「禁酒令」でもう極限、酒販店が上げる怨嗟の声

業界団体首脳「感染拡大は酒のせいではない!」

コロナの感染拡大を酒のせいにしたことにも、非常に腹立たしい思いをしている。酒を飲んで騒ぐことが悪いのであって、酒そのものが悪いのではない。あまり政治の話はしたくないが、行政が自らの失政を酒のせいへと押し付けたような印象すら覚える。

――飲食店には協力金が支給されましたが、酒販店など卸売業者への支援は手薄です。どうして支援の拡充を声高に訴えてこなかったのですか。

榎本:格好つけたことを言うと、自分たち(酒販店)は免許業者であるという矜持がある。(これまで免許で守られてきた)われわれが「公助」を依頼するのはいかがなものか、という考えがあった。だからあまり声を大にして協力金を求めることは慎んできた。

しかし、とてもではないがもう黙っていられない。おとなしくしていたら、本当にわれわれは死ななければならなくなる。そんな心境だ。

佐々木:売り上げの規模によってさまざまだが、単月で数千万円の赤字になっている酒販店は多い。

(われわれのような)飲食店の関係取引先にも、1カ月で上限20万円の支援金を出すという話もあるが、焼け石に水でしかない。

高まる"2年連続赤字"への不安

――では、どんな行政の支援策が必要なのでしょうか?

榎本:給付金や補助金というかたちではなく、基本的に自分たちが納めたものを返してもらいたいと考えている。過去2~3年分の消費税と法人税の還付や、今後(飲食店の倒産などに伴い)貸し倒れが発生した場合にも、その中に含まれる酒税の還付などを求めたい。

もう1つは金融支援。日本政策金融公庫など政府系金融機関からの借入金の返済猶予を、ある程度延ばしてもらいたい。劣後債の金利を一部補填してもらうことなどもお願いしたい。

――これまで自助努力でなんとか踏ん張ってきたものの、資金繰りの面でも公助に頼らざるをえないフェーズに来ている、と。

榎本:2年連続で赤字を出したら、おそらく金融機関の姿勢は変化してくる。
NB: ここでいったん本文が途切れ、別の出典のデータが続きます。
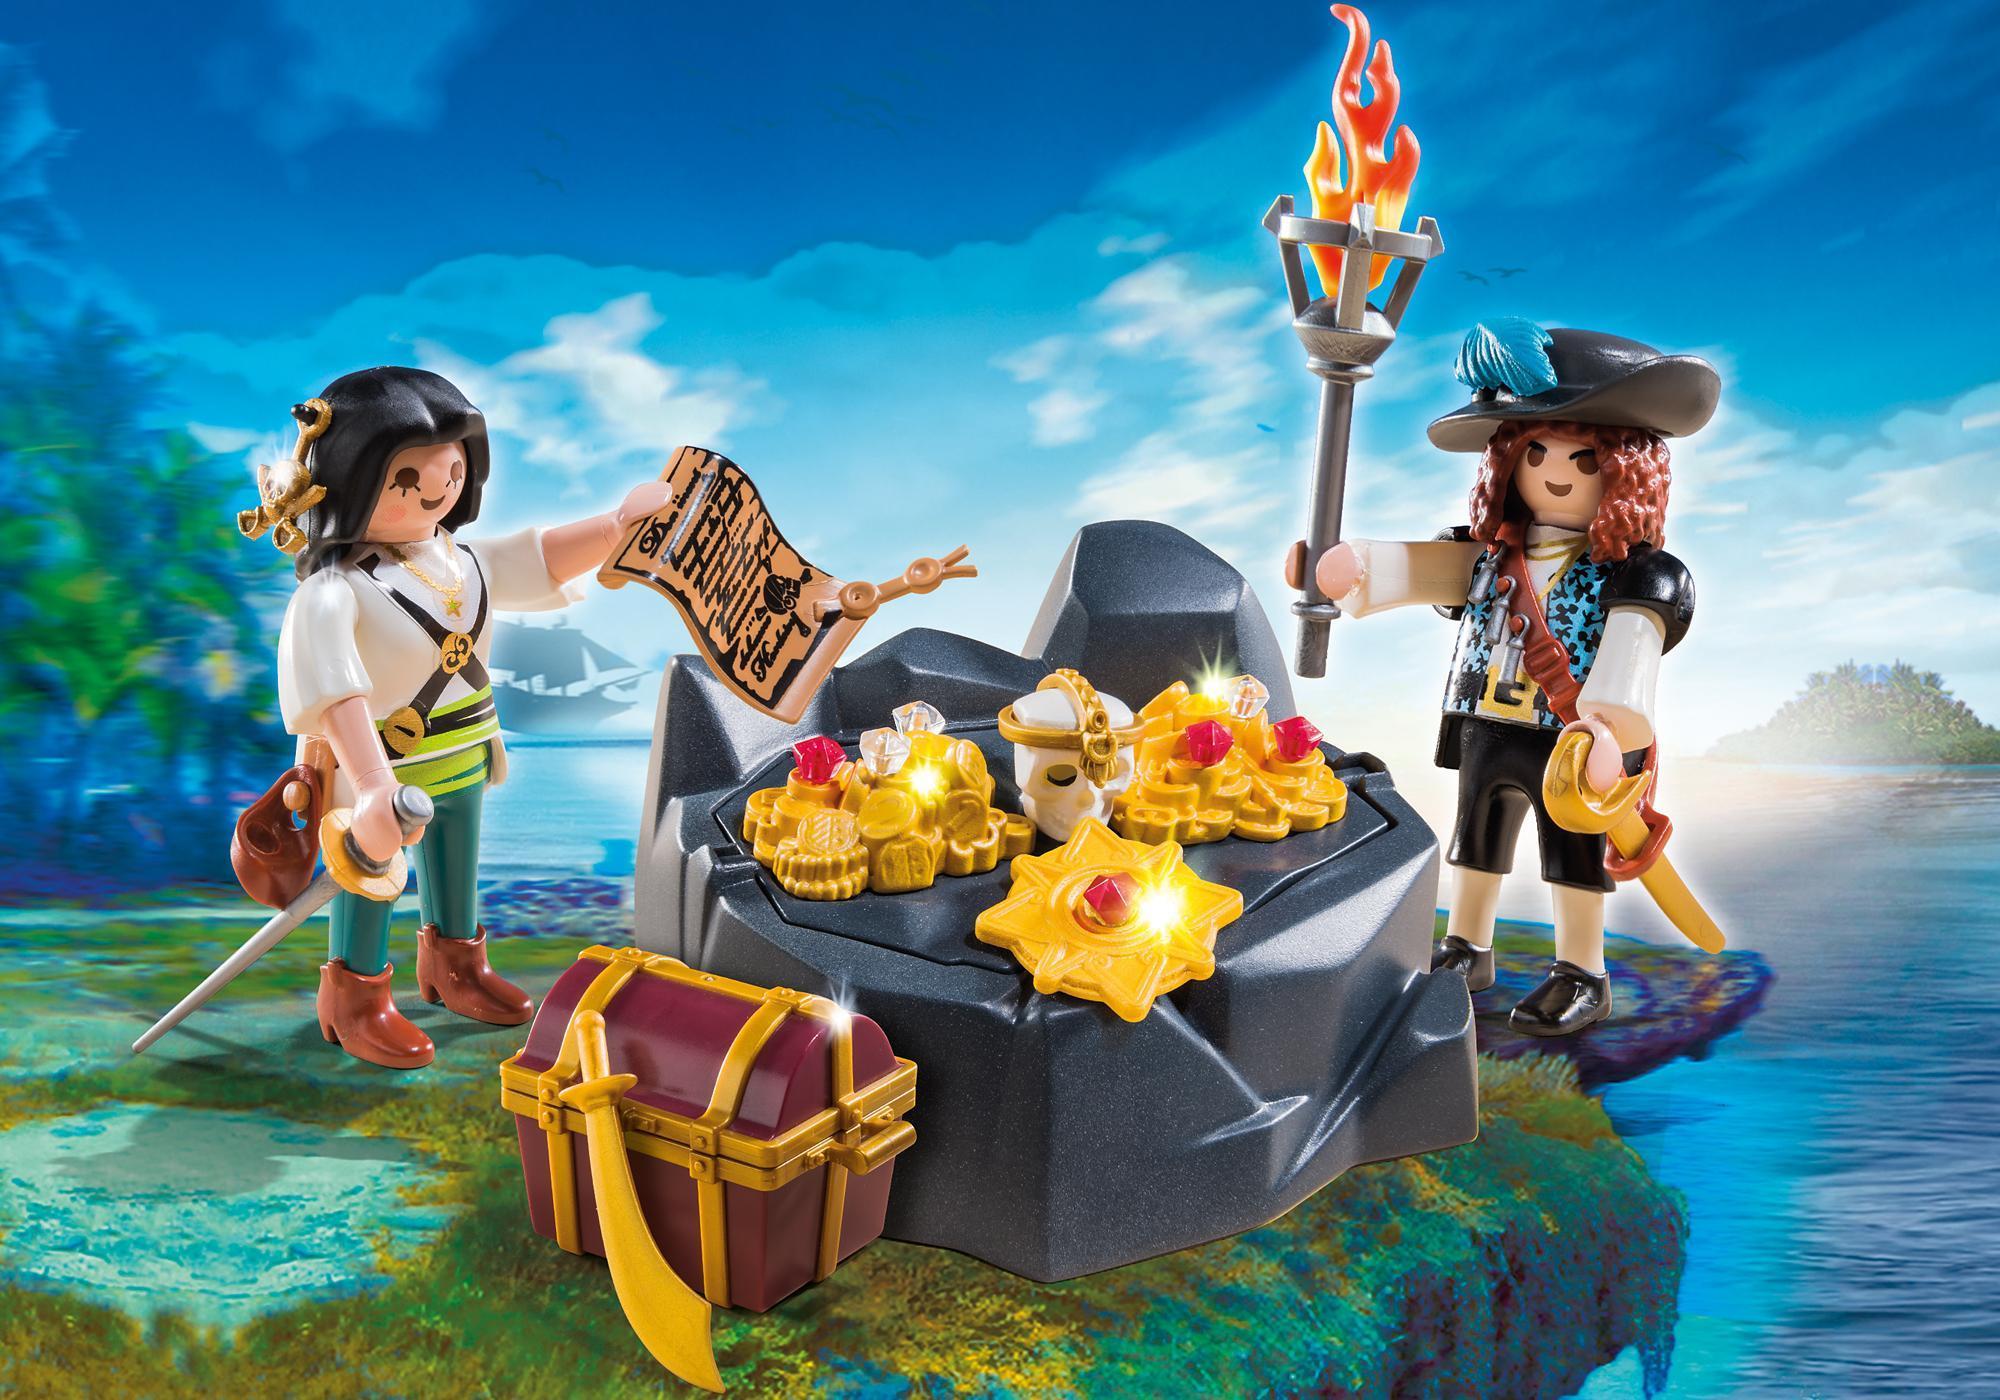 http://media.playmobil.com/i/playmobil/6683_product_detail/Piraten-Schatzversteck
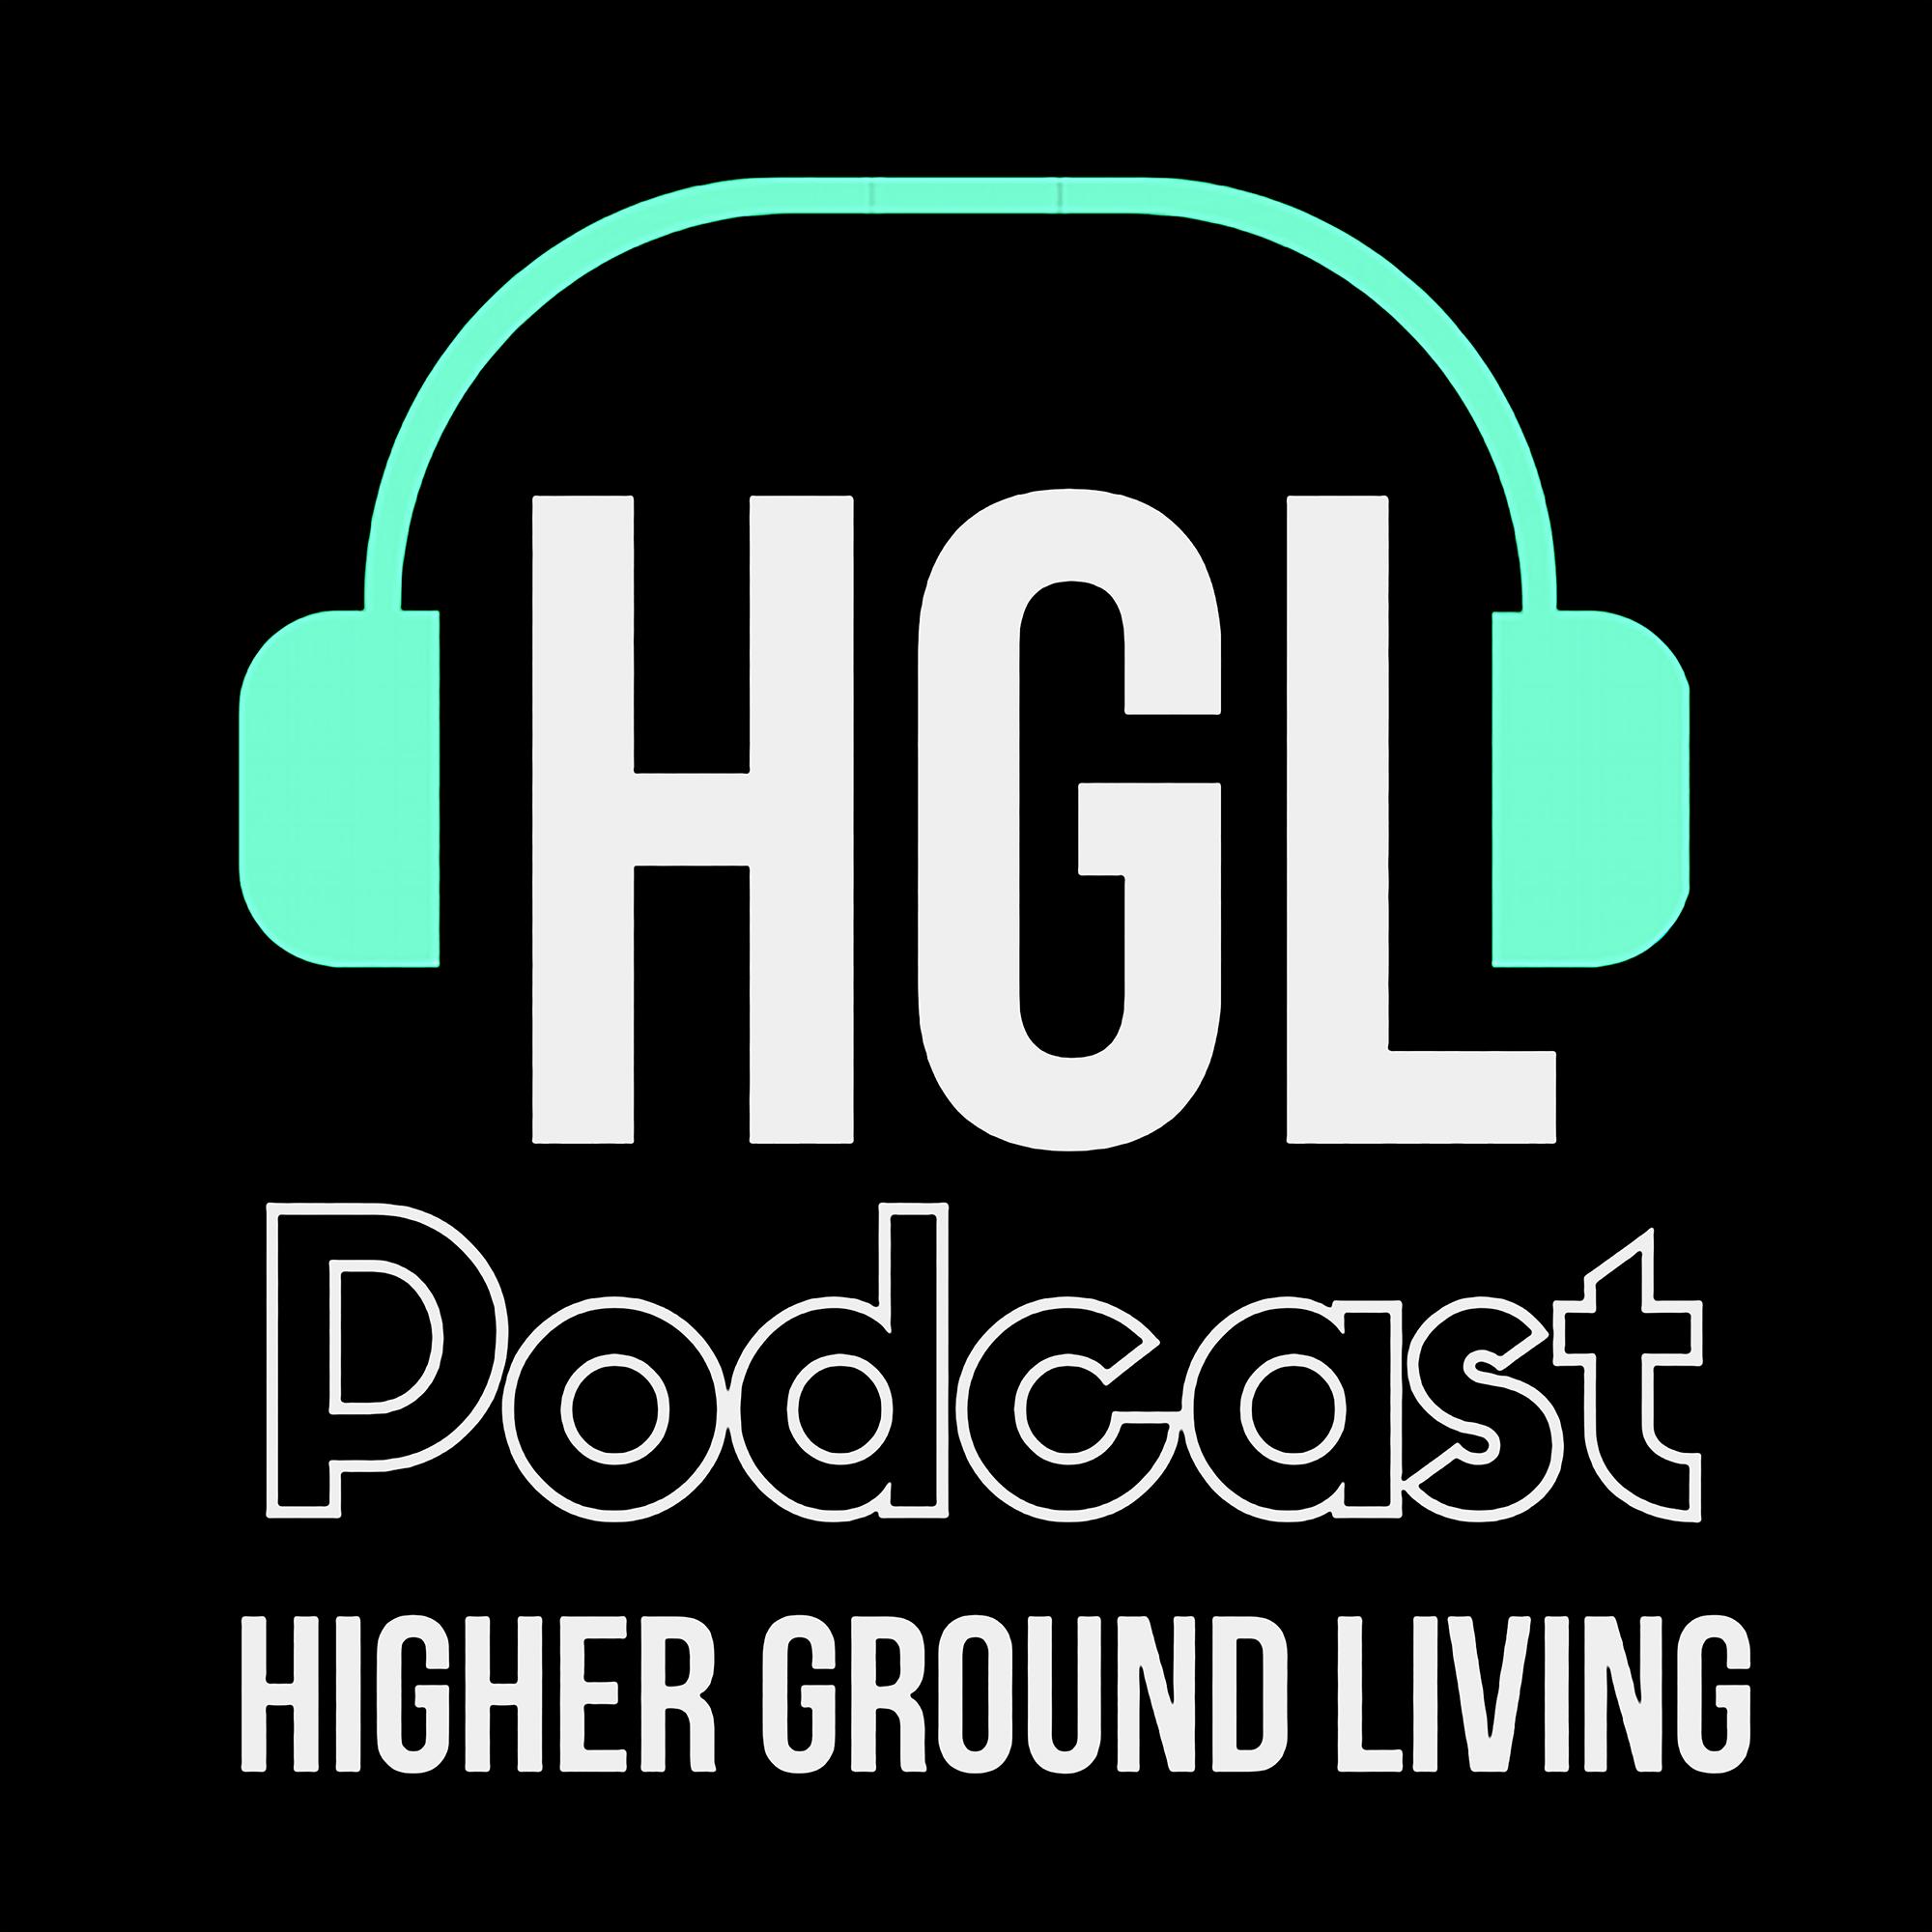 Higher Ground Living Podcast show art

2020年度の決算では、赤字を出しても金融機関から「それは仕方がない」と言われた。しかし2021年度も(赤字を)出した場合、コロナという弁解はもう通用しないし、その後の資金調達は難しくなるだろう。

同業他社と話をしていると、このままでは売り上げが2020年並みの2019年比5割という最悪のシナリオすら聞こえてくる。そうなると完全な赤字経営となり、(業酒連の)会員全員が生き残ることは難しくなる。